Be careful. It may be illegal to buy and sell wild animal parts. I know it is illegal to sell game meat. Better check before making a deal.


----------



## buck11pt24 (Mar 11, 2007)

I am pretty sure it would have to be tanned in order for you to sell it. But i really don't know exactly.


----------



## griffondog (Dec 27, 2005)

You can sell the hide and skull. You can't sell parts or claws.

Griff


----------



## Nimrod1 (Apr 26, 2004)

Another option would be to do some advanced planning. Check with some taxidermists. Sometimes they are looking for something for a customer, or something they just want to do. They may be willing to swap services of a future mount, in exchange for a hide.
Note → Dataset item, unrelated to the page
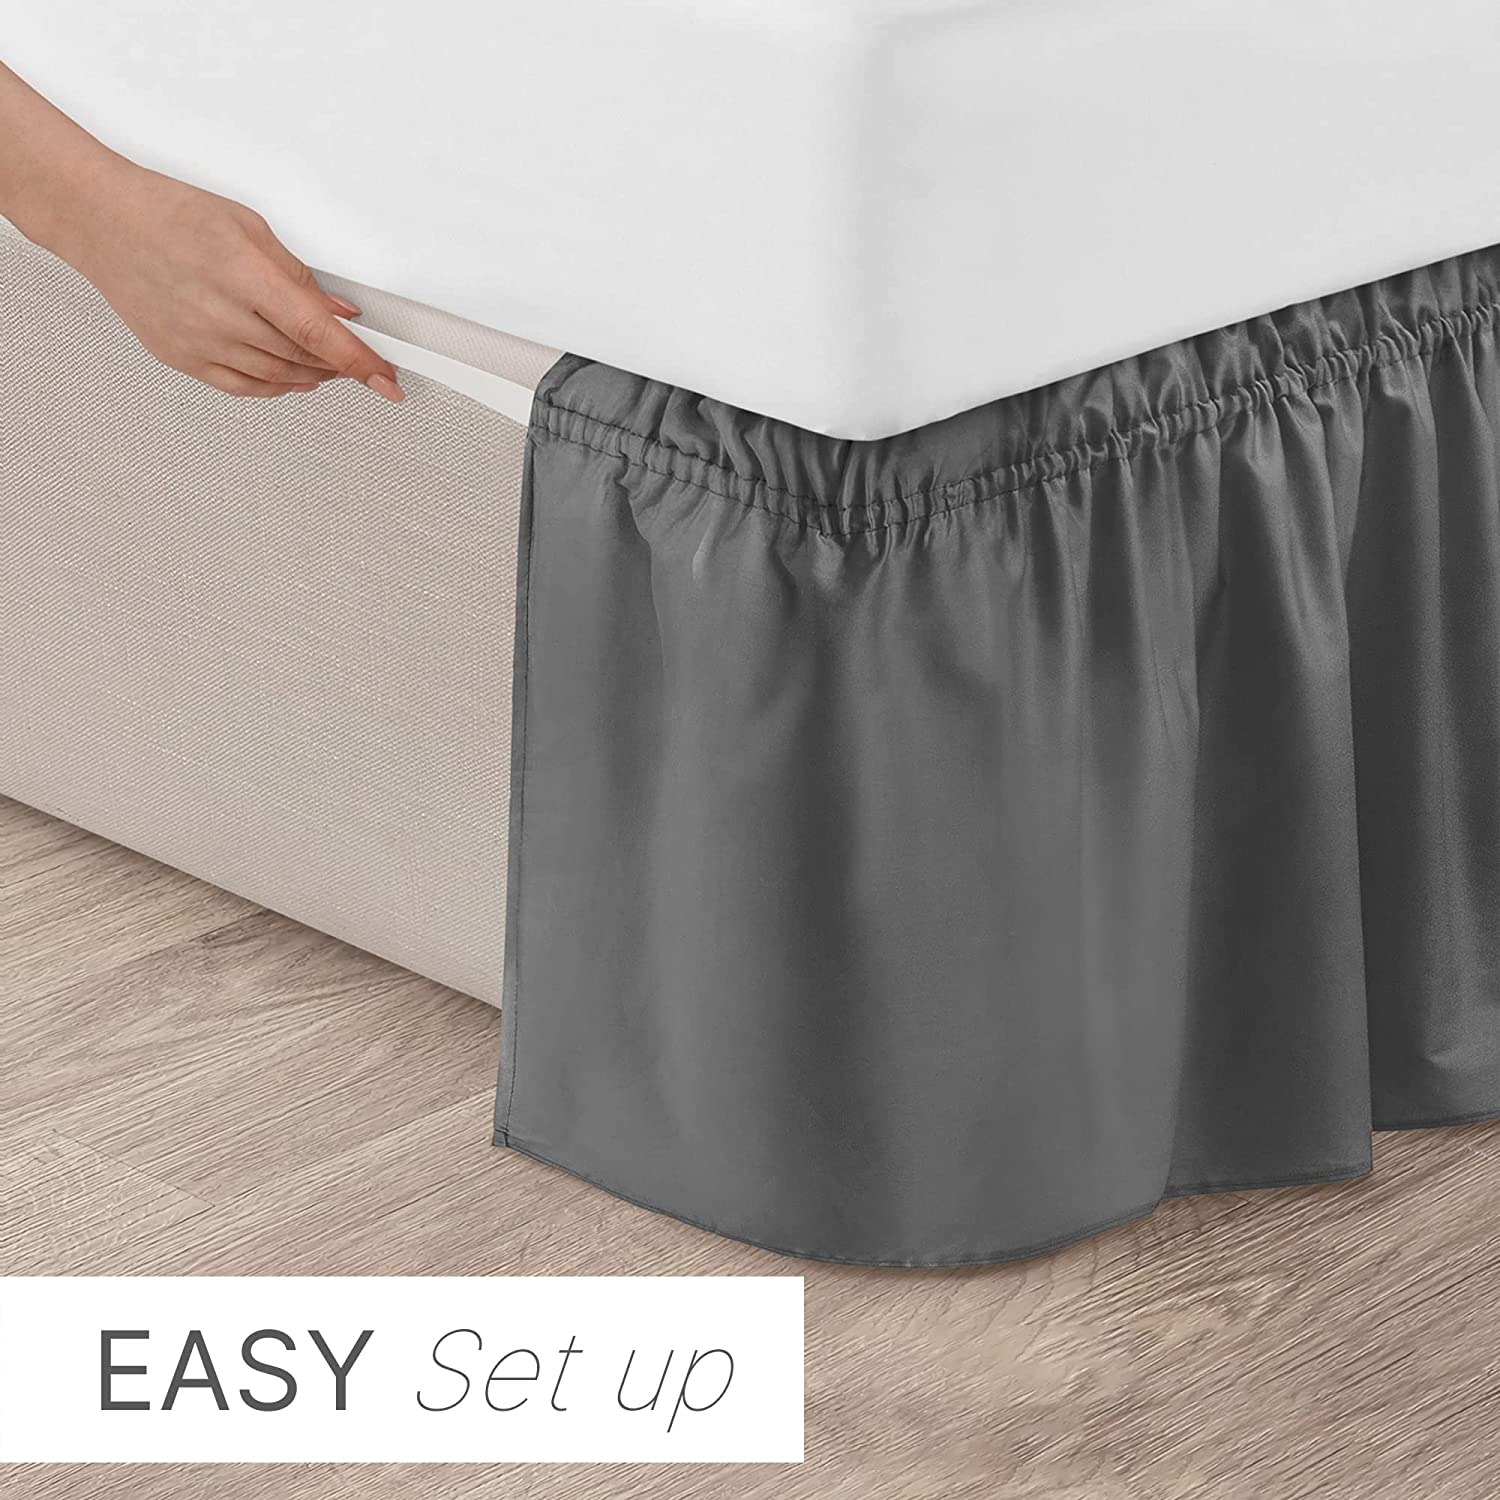 tes Ruffled Elastic Wrap Around Bedskirt 15 Inch Drop - Gray

You would just want to make sure that it is someone you trust to be there, and make good on their end of the deal when you come back to get a mount done. Maybe a processor would swap the processing of your bear for the hide? Just a little different tactic for you to consider.


----------



## hillbillie (Jan 16, 2011)

PM "furandhides" Roger is a licensed buyer of fur and hides
Probally could sell at a Michigan Trappers association auction PM "Joe R" Otisville auction coming up soon Posted in the trapping form. 
Or have it tanned and sell on E-bay


----------



## HuntTrap13 (Jun 26, 2011)

Im pretty sure If it is tanned then you can sell it without restriction, untanned then you have to have a fur eaters liscence


Outdoor Hub mobile, the outdoor information engine


----------



## coldskins (Sep 26, 2011)

try taxidermy.net people buy and sell tons there, raw,salted or tanned.


----------



## buckykm1 (Dec 19, 2011)

How much do you want for it ?.


----------